1.Determine the best concentration of antibiotics.

Different cell lines have different sensitivity to various antibiotics, so it is necessary to do pre-test before screening to determine the minimum concentration of antibiotics on the selected cells.

(1)8 cells were inoculated in 96 well plate or 24 well plate 24 hours in advance, and the Inoculated Amount grew up in the next day 25% single layer is suitable,incubating in CO₂ incubator at 37 ℃ overnight.

(2)Change the culture medium to the medium containing antibiotics, and the concentration of antibiotics increases in gradient（0, 50, 100, 200, 400, 600, 800 and 1000μg/ml）.

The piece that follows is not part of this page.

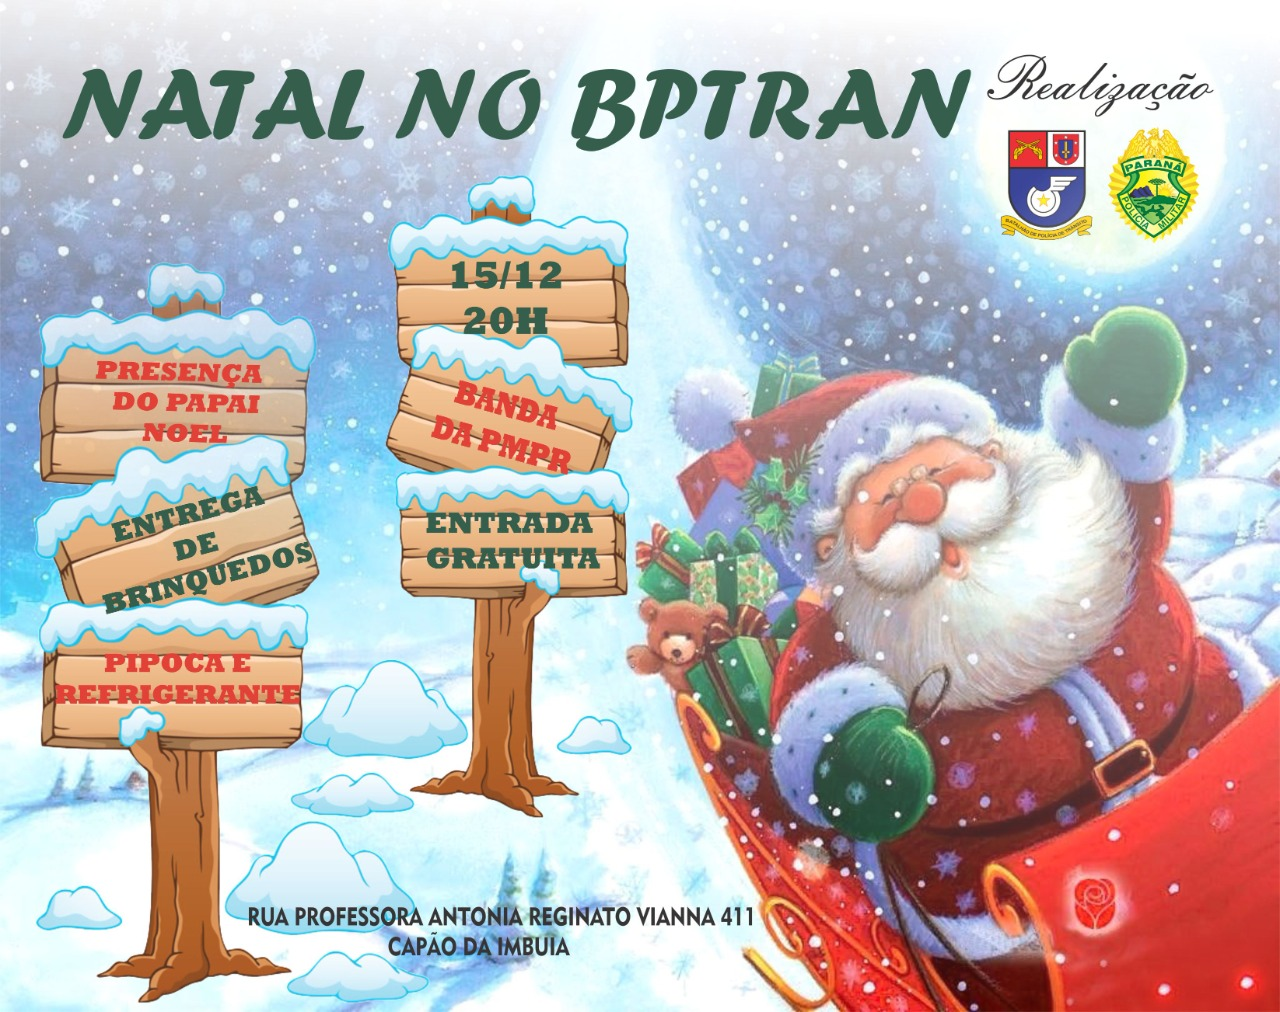 BPTran realizará a Tocata de Natal no dia 15 de dezembro com entrega de  presentes para as crianças | POLÍCIA MILITAR DO PARANÁ

(3)After 10-14 days of culture, most of the cells were killed, generally 400-800 μ g / ml.The concentration can be increased by one level when cloning, and half of the screening concentration is used when maintaining.

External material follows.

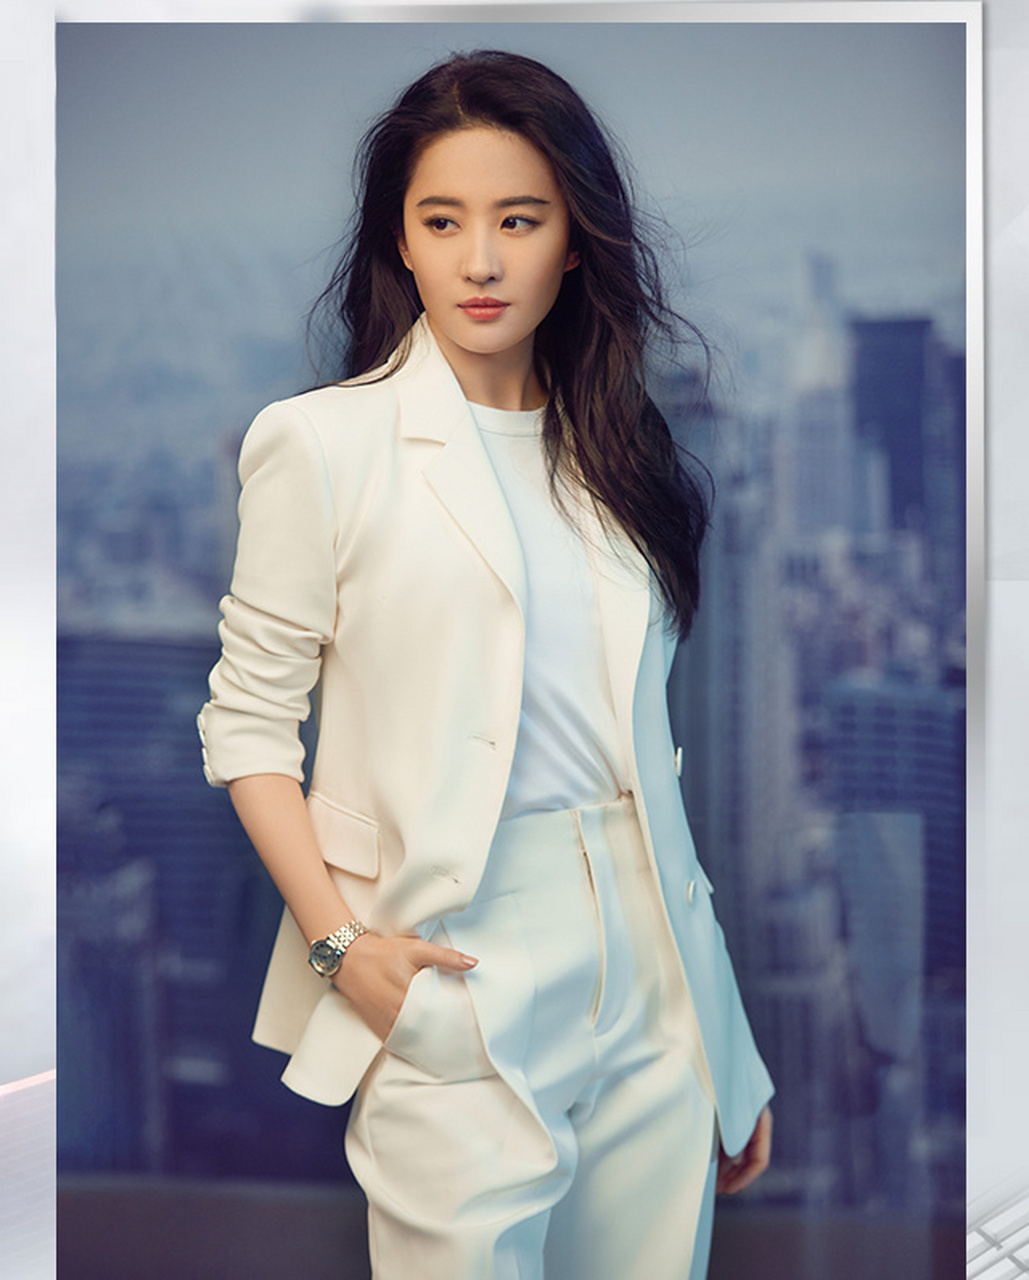 刘亦菲穿一身白色西装,精致干练,高端大气,高雅时尚,尽显女神的气质

2.The transfection is carried out according to the previous steps.

3.After 72 hours of transfection, the transfected cells were subcultured in a 6-well plate at a ratio of 1:10 and replaced with a selective medium containing the antibiotic concentration determined in the pre-test. A single cell can be seen in the 6-well plate, and a single resistant colony can be formed by single cell division and propagation in continuous culture. At this time, two methods can be used to select monoclonal.

(1)Filter paper method:After the pancreatin was immersed in the sterilized 5x5mm filter paper, the filter paper was pasted on the single cell colony for 10-15 seconds, and then the filter paper with cell adhesion was taken out and placed in the 24 hole plate for further pressurized culture.
When the cells are full in a 24 well plate, they are transferred to a 25 cm 2 culture flask, and when they are full, they are transferred to a 75 cm² culture flask.

(2)Limited dilution method:The cells were digested and diluted 10 times continuously(10^-2-10^-10)，the cells of each dilution were added to 96 well plate for culture. After 7-10 days, the single clone growing holes were selected for cloning again.

4.The expression of foreign protein in monoclonal cells was detected by ELISA or Western blot. Because of the difference of expression level of different clones, multiple clones could be selected at the same time to select the clone with the highest expression and to preserve the species.